» **Your goal**: Reproduce the listing below exactly, minus its pictures.

» **Data segment**:
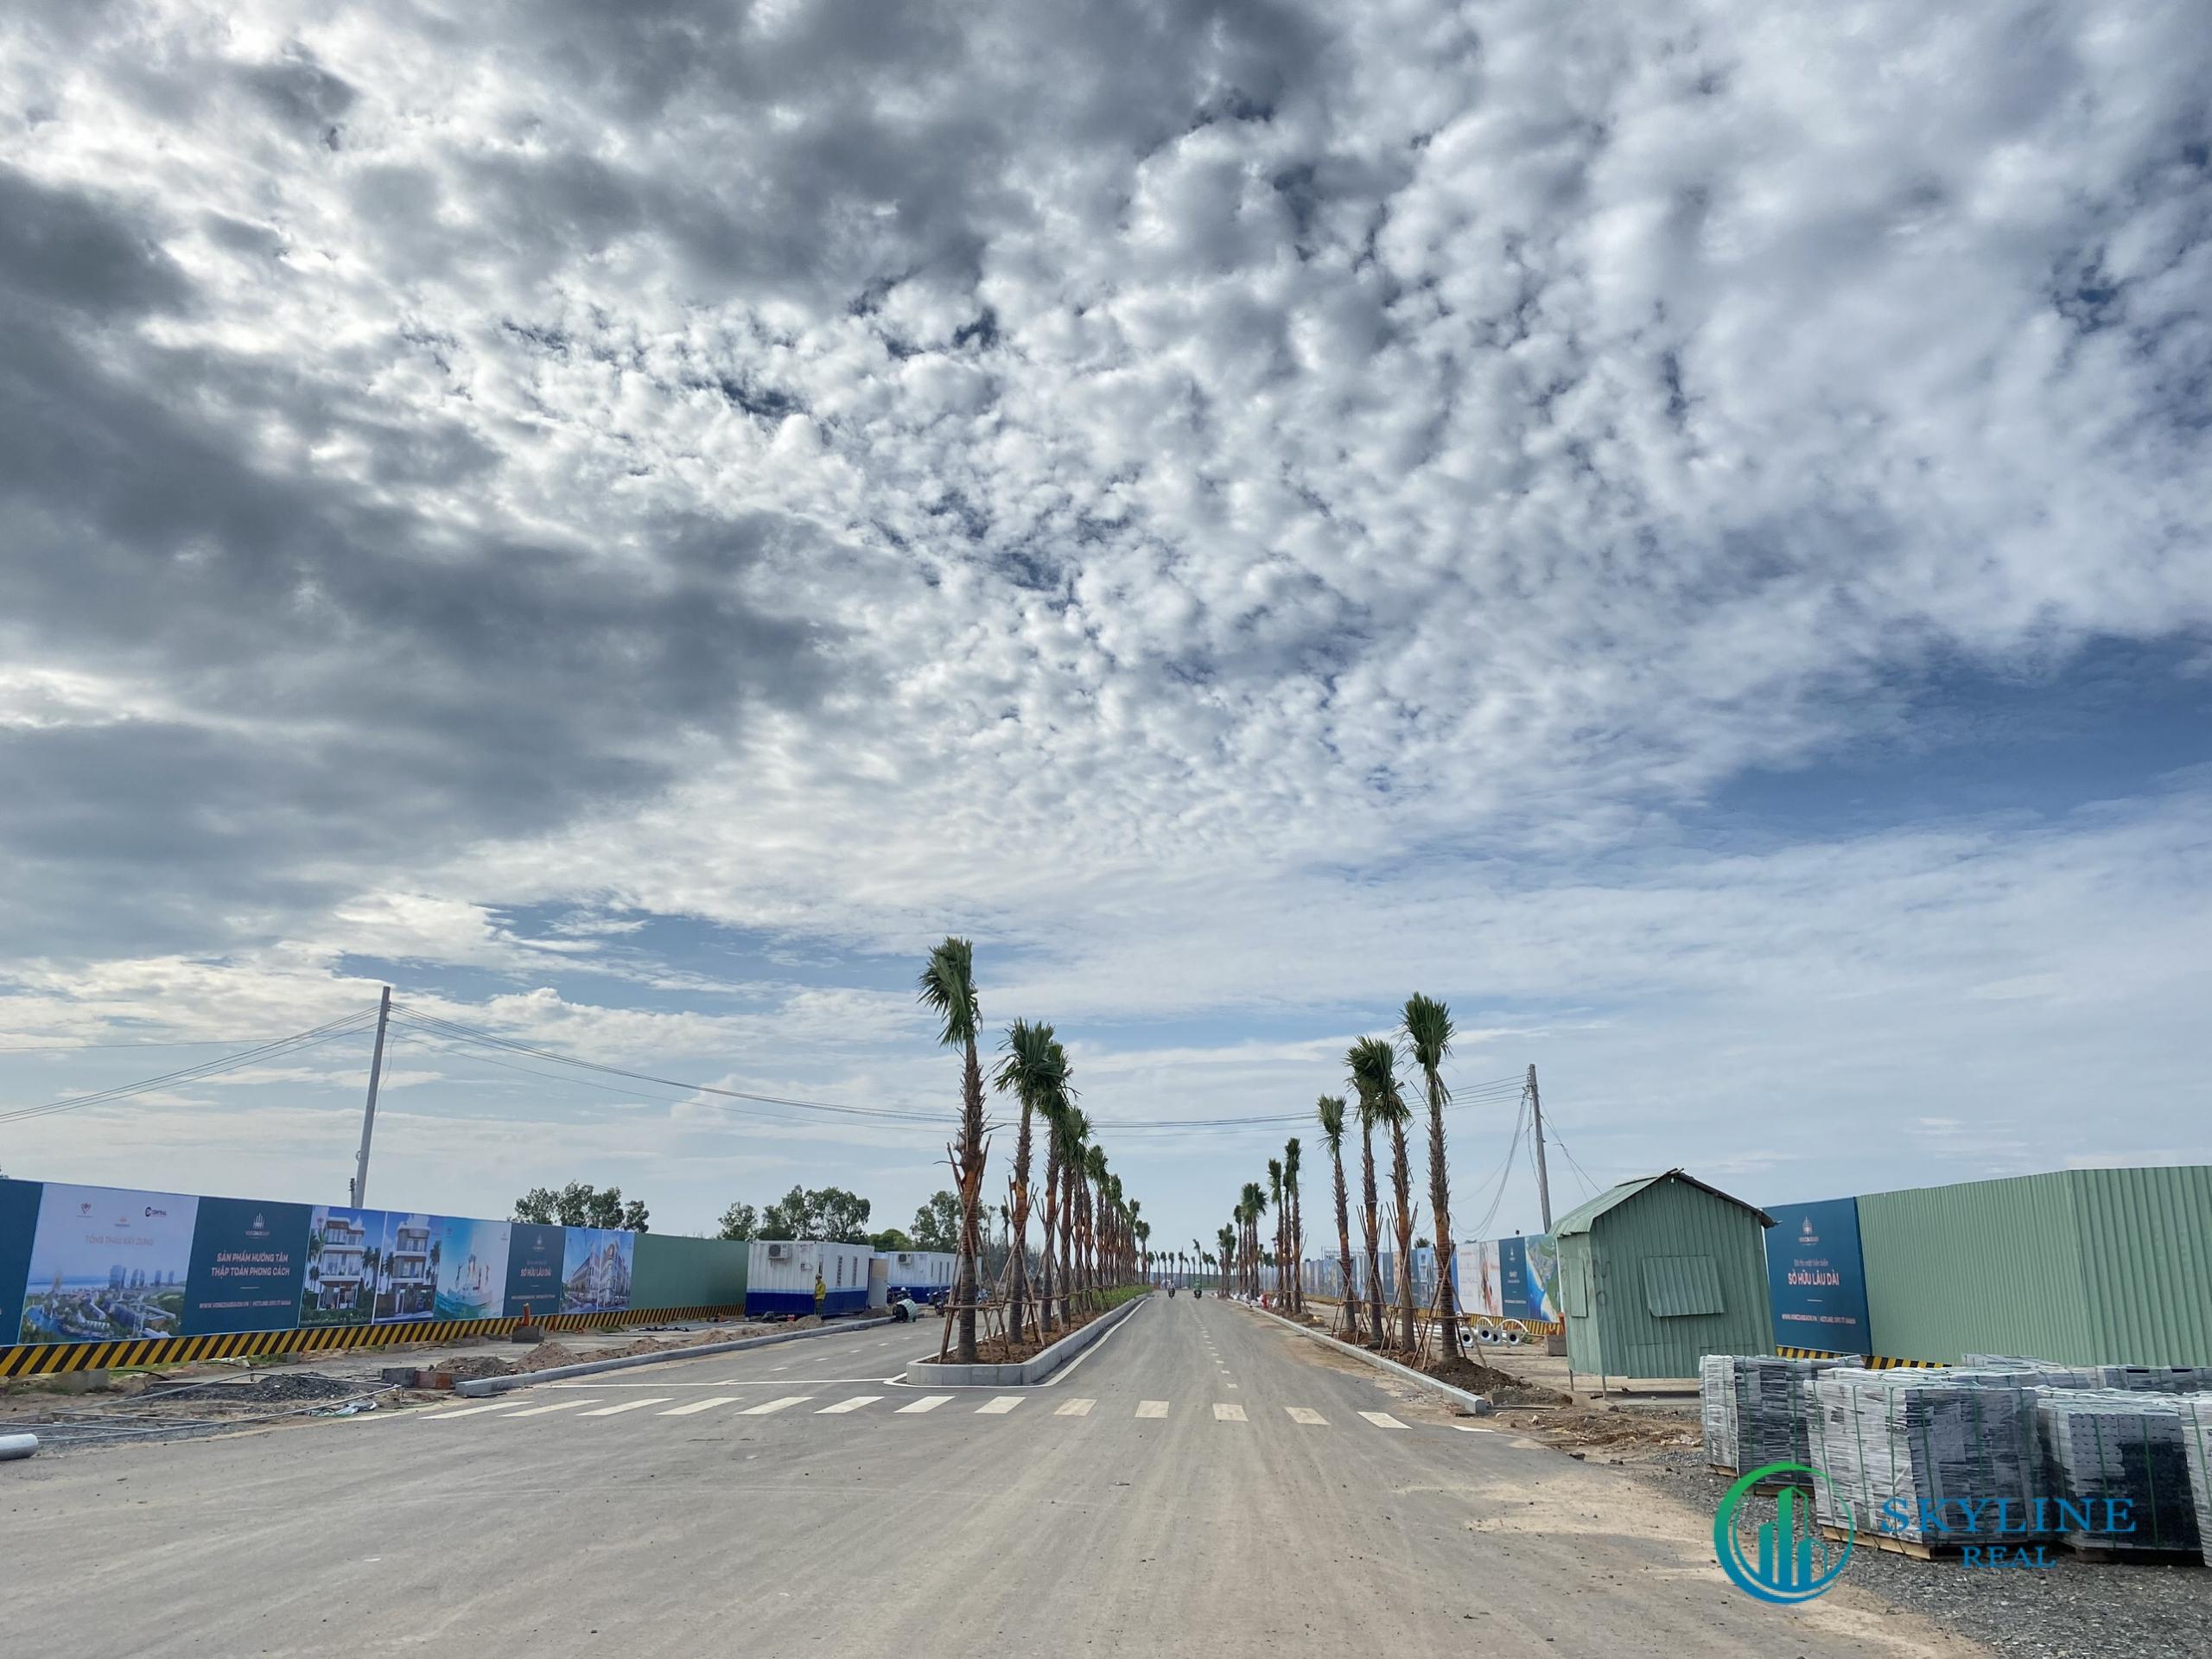 Tiến độ thực tế dự án nghỉ dưỡng Venezia Beach chủ đầu tư Danh Việt
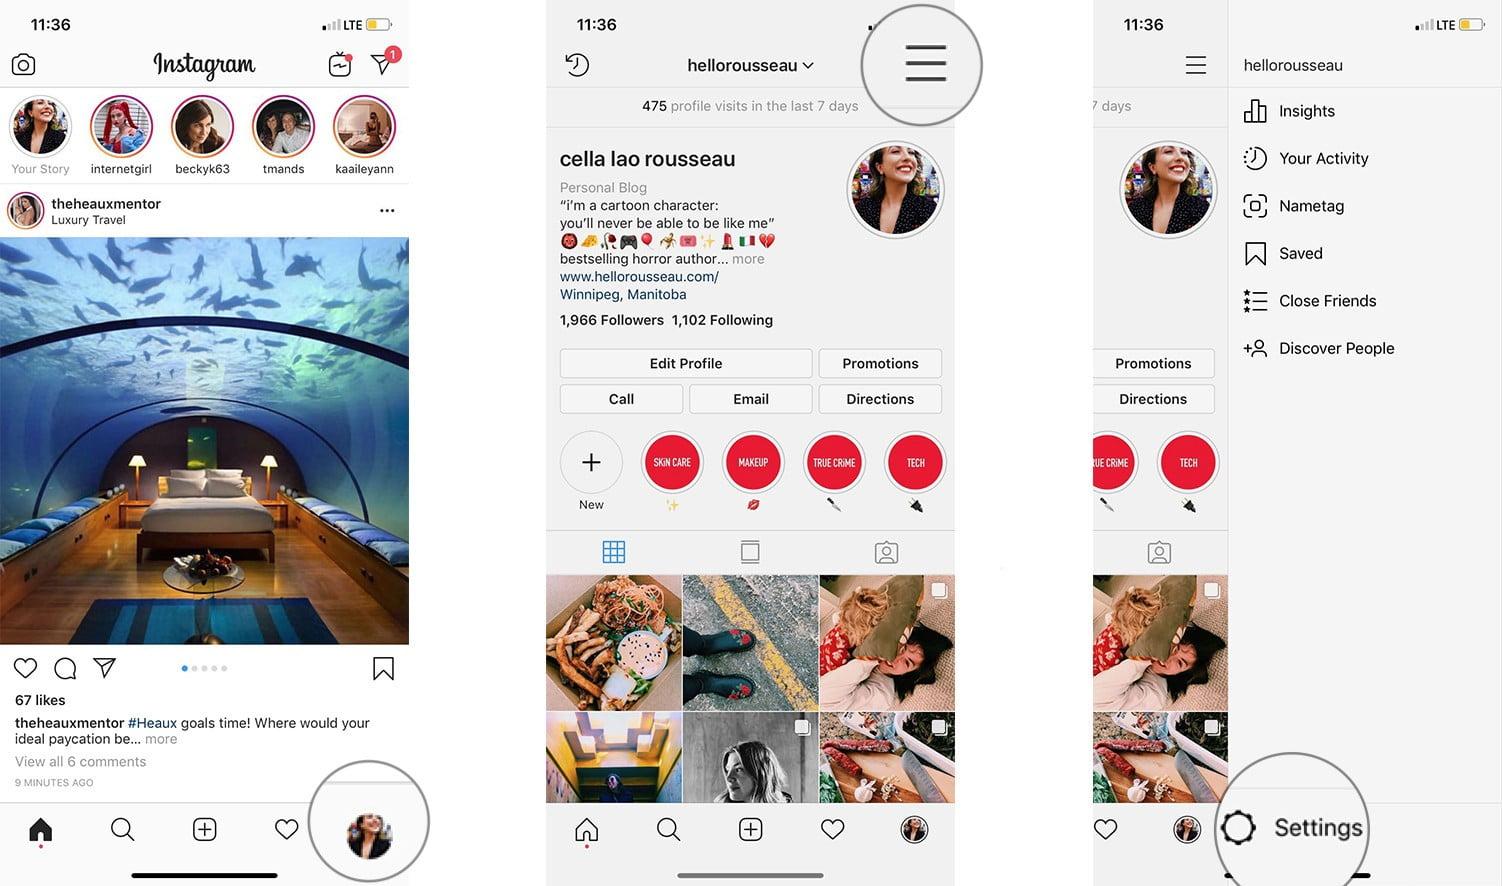 Instagram Fotoğrafları, Facebook Sayfasına Otomatik Olarak Nasıl Gönderilir?
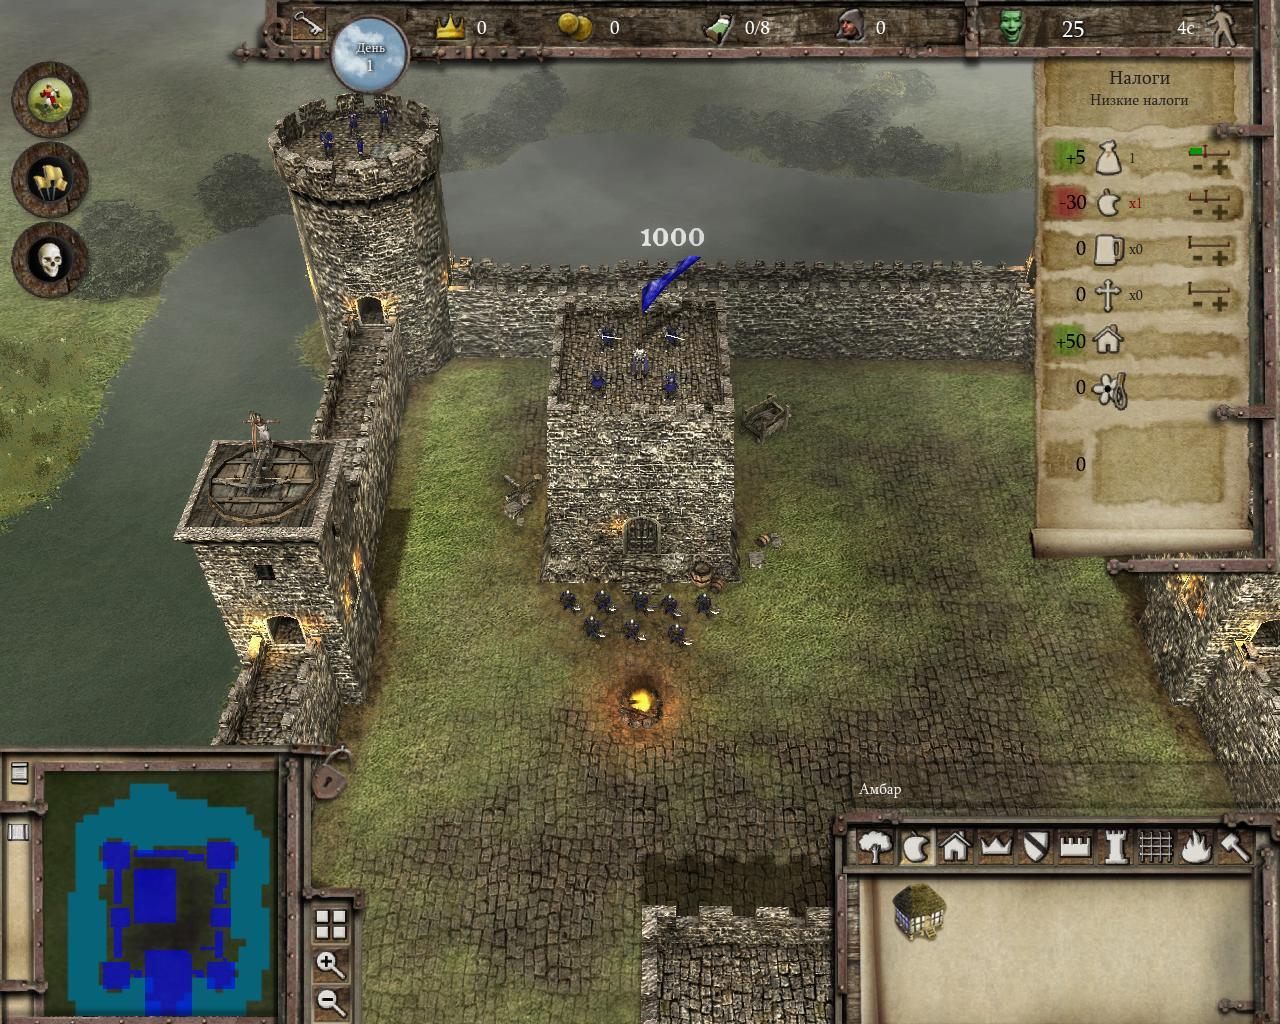 Русификатор текст/звук для Stronghold 3 скачать бесплатно.

» **Solution to the problem**:
 Tiến độ thực tế dự án nghỉ dưỡng Venezia Beach chủ đầu tư Danh Việt
 Instagram Fotoğrafları, Facebook Sayfasına Otomatik Olarak Nasıl Gönderilir?
 Русификатор текст/звук для Stronghold 3 скачать бесплатно.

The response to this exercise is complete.